Host cells containing the expression vectors provided herein can be provided in any suitable forms. In an illustrative embodiment, the host cells are isolated from cell cultures, where the cell cultures may be filtered or centrifuged or otherwise treated to remove the culture media, cell debris and/or other unwanted substances. The host cells may undergo further purification processes as deemed suitable by a person skilled in the art to increase the concentration of the expression vectors therein. The composition may be prepared in liquid form or dried solid form.
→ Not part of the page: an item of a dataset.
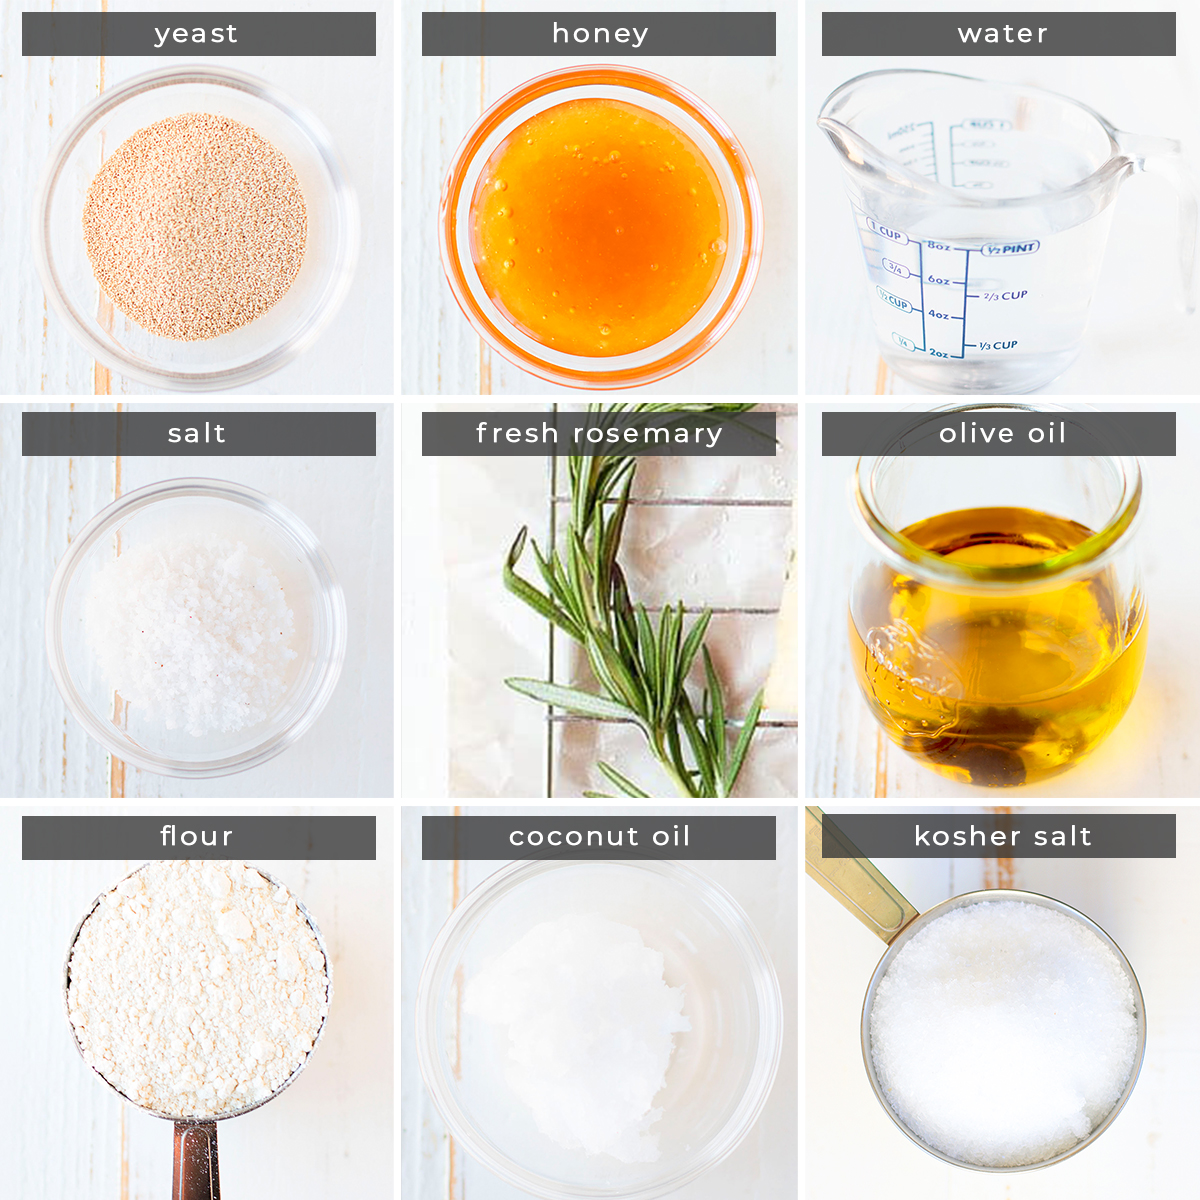 Image containing recipe ingredients yeast, honey, water, salt, fresh rosemary, olive oil, flour, coconut oil, kosher salt.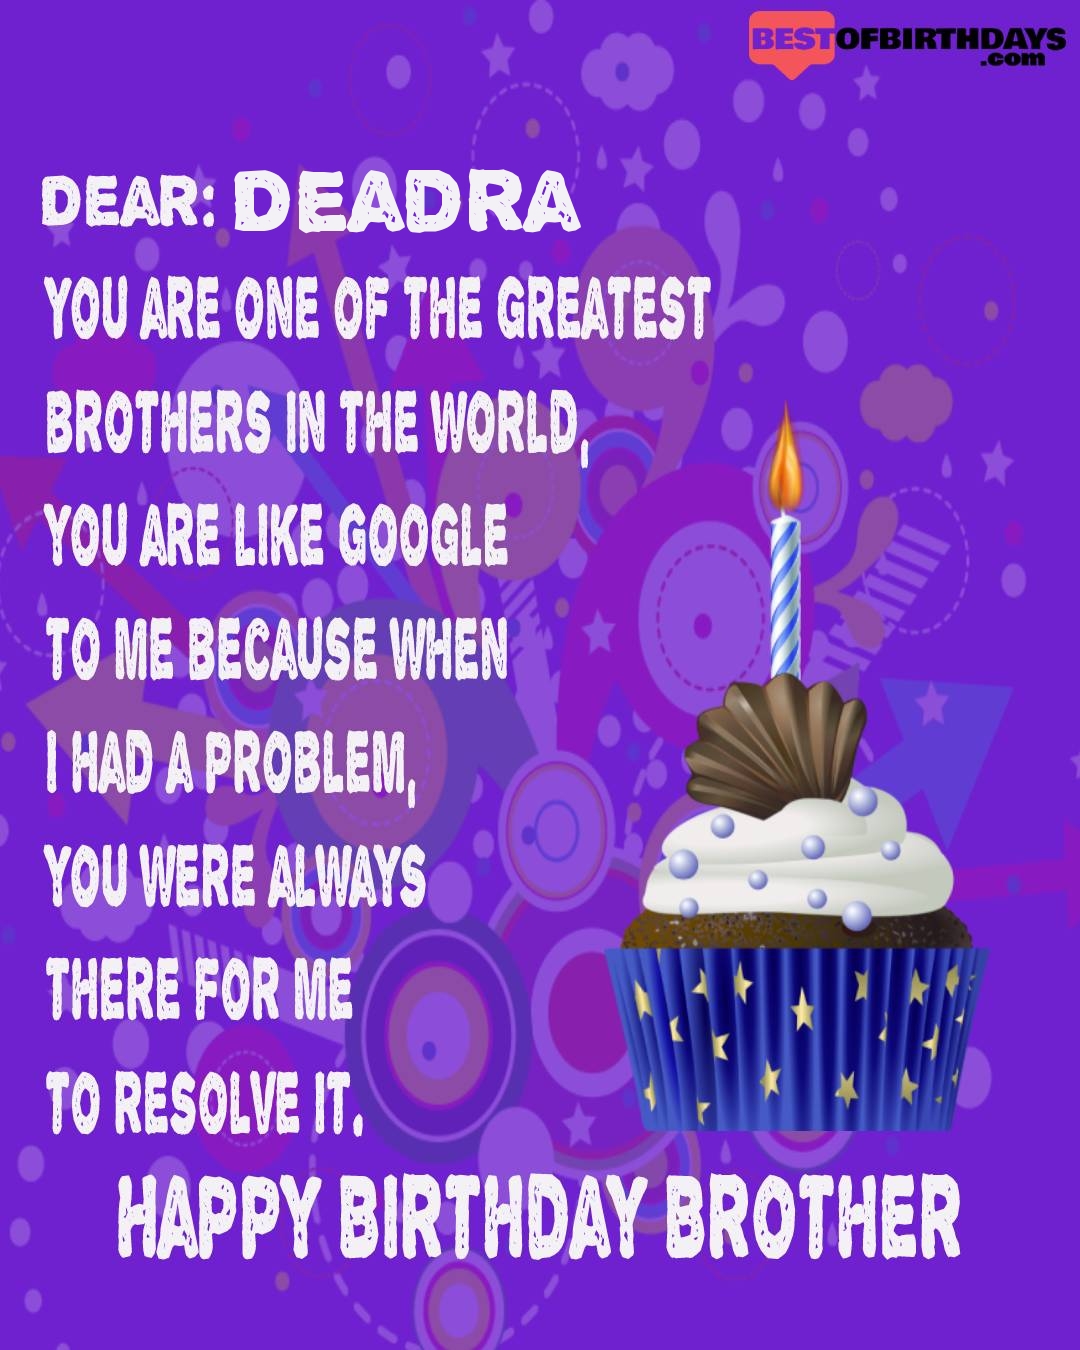 Happy birthday deadra bhai brother bro

Pharmaceutical Composition

The nucleic acid compositions, expression vectors, and host cells described in the present disclosure may be used as tumor vaccines to prevent and/or treat tumors and/or cancers. In another aspect, the present disclosure provides a pharmaceutical composition comprising a pharmaceutically acceptable carrier and the nucleic acid composition, expression vectors, and/or host cells provided herein. The nucleic acids, expression vectors and host cells can be constructed, isolated and purified using methods well known in the art. The term “pharmaceutically acceptable carrier” as used herein refers to any and all solvents, dispersion media, coatings, antibacterial and antifungal agents, isotonic and absorption delaying agents, and the like that can facilitate storage and administration of the nucleic acids, expression vectors, and/or host cells of the present disclosure to a subject. The pharmaceutically acceptable carriers can include any suitable components, such as without limitation, saline, liposomes, polymeric excipients, colloids, or carrier particles.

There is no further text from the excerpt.